CRP (cAMP Receptor Protein; also known as CAP) is a dimer (Figure 26.29) and has a DNA-binding structural element called helix-turn-helix (HTH); only when complexed with at least one cAMP will CRP bind to site in the lac promoter (in fact, when two cAMP bind to dimeric CRP, the binding of CRP to target DNA is reduced 10-fold); CRP binding bends DNA more than 90° (Figure 26.22); CRP binding increases the formation of the closed complex of RNA polymerase (increases RNA polymerase binding to the promoter) by more than 20-fold (the lac promoter has a "poor" -35 box and a "poor" -10 region; some promoter up-mutants (mutant promoters that "work" better) that make the -35 box and/or the -10 region more like the consensus become independent of CRP activation). The spacing between the CRP site and the RNA polymerase site is important: insertion of 5 bp eliminates positive control by CRP, but insertion of 10 bp restores positive control to about 20% (thus, the orientation between CRP and RNA polymerase is thought to be important; that is, they must bind to the same "side" of the DNA molecule). CRP "touches" the alpha subunit of RNA polymerase (Figure X). Some rpoD (sigma factor) mutants also overcome the "need" for CRP positive control.
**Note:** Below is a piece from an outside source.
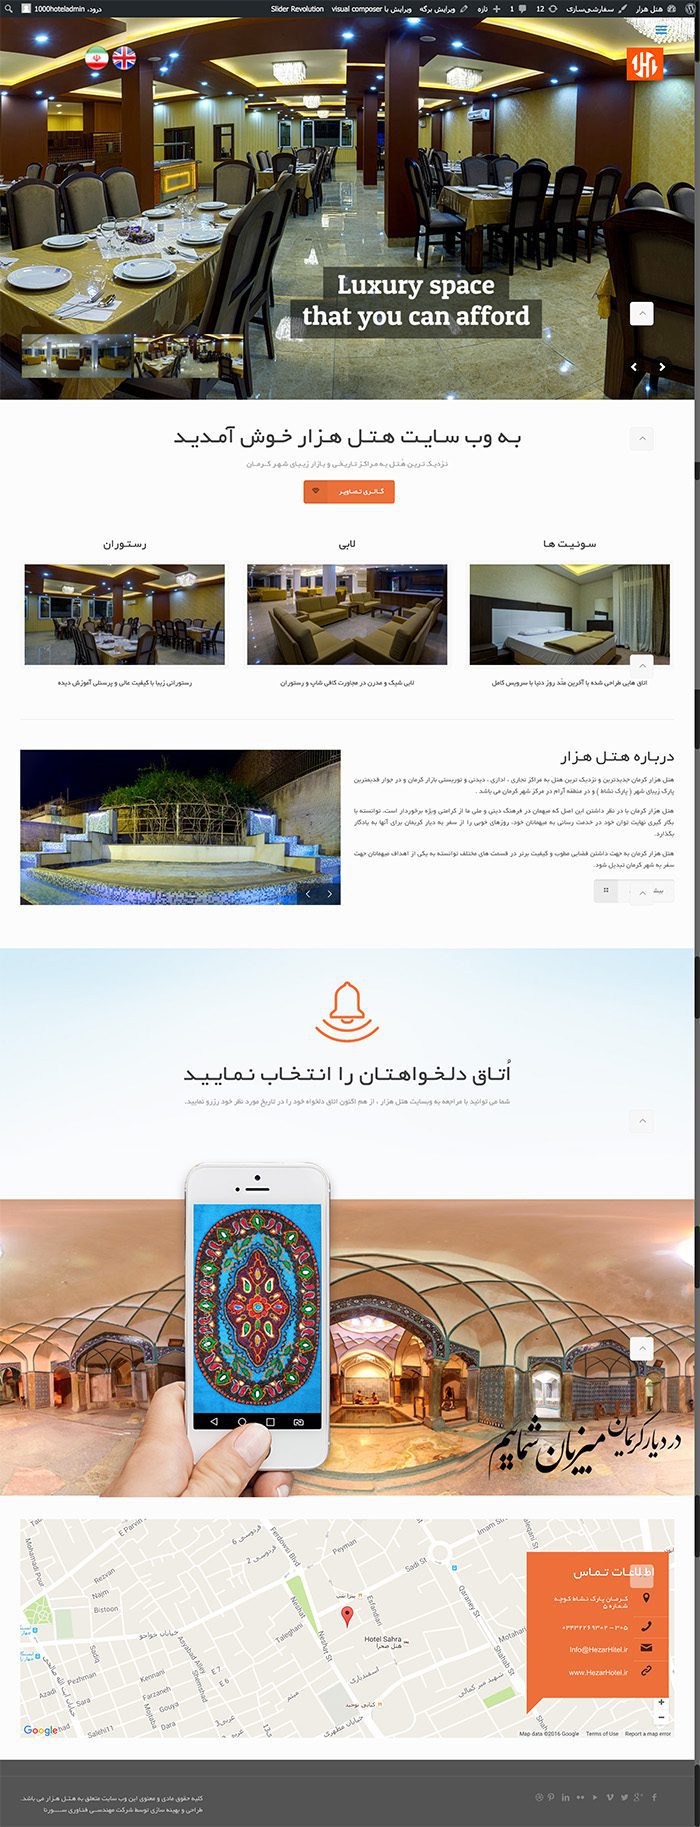 طراحی سایت هتل هزار توسط شرکت طراحی سایت سورنا در کرمان

Figure AE shows footprinting of CRP and the lac repressor. When CRP binds to its site, repressor binding at O3 is shifted upsteam by 6 bp. This puts CRP and repressor on opposite sides of the DNA. Figure 26.19 shows the sequences that bind CRP and repressor.
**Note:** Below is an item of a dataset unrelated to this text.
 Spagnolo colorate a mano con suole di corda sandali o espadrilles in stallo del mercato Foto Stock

Figure AG shows that tetrameric repressor binds to O1 and O3 to form a DNA loop (with the aid of CRP which helps to bend the DNA).
Several important points:
E. coli grown on glucose do not metabolize lactose (as well as several other sugars) until all of the glucose in the medium is exhausted. This is called catabolite repression. It once was thought that catabolite repression was mediated by the levels of cAMP in the cell which, in turn, affected the binding of CRP to its binding site in the lac operon. However, cAMP levels are the same in cells grown on glucose alone or on lactose alone. Glucose represses the lac operon of E. coli by prohibiting the entry of lactose though an occasionally present lac permease molecule. In the presence of glucose there is never enough lactose inside the uninduced cells to be transformed by the very few molecules of beta-galactosidase into the true inducer allolactose.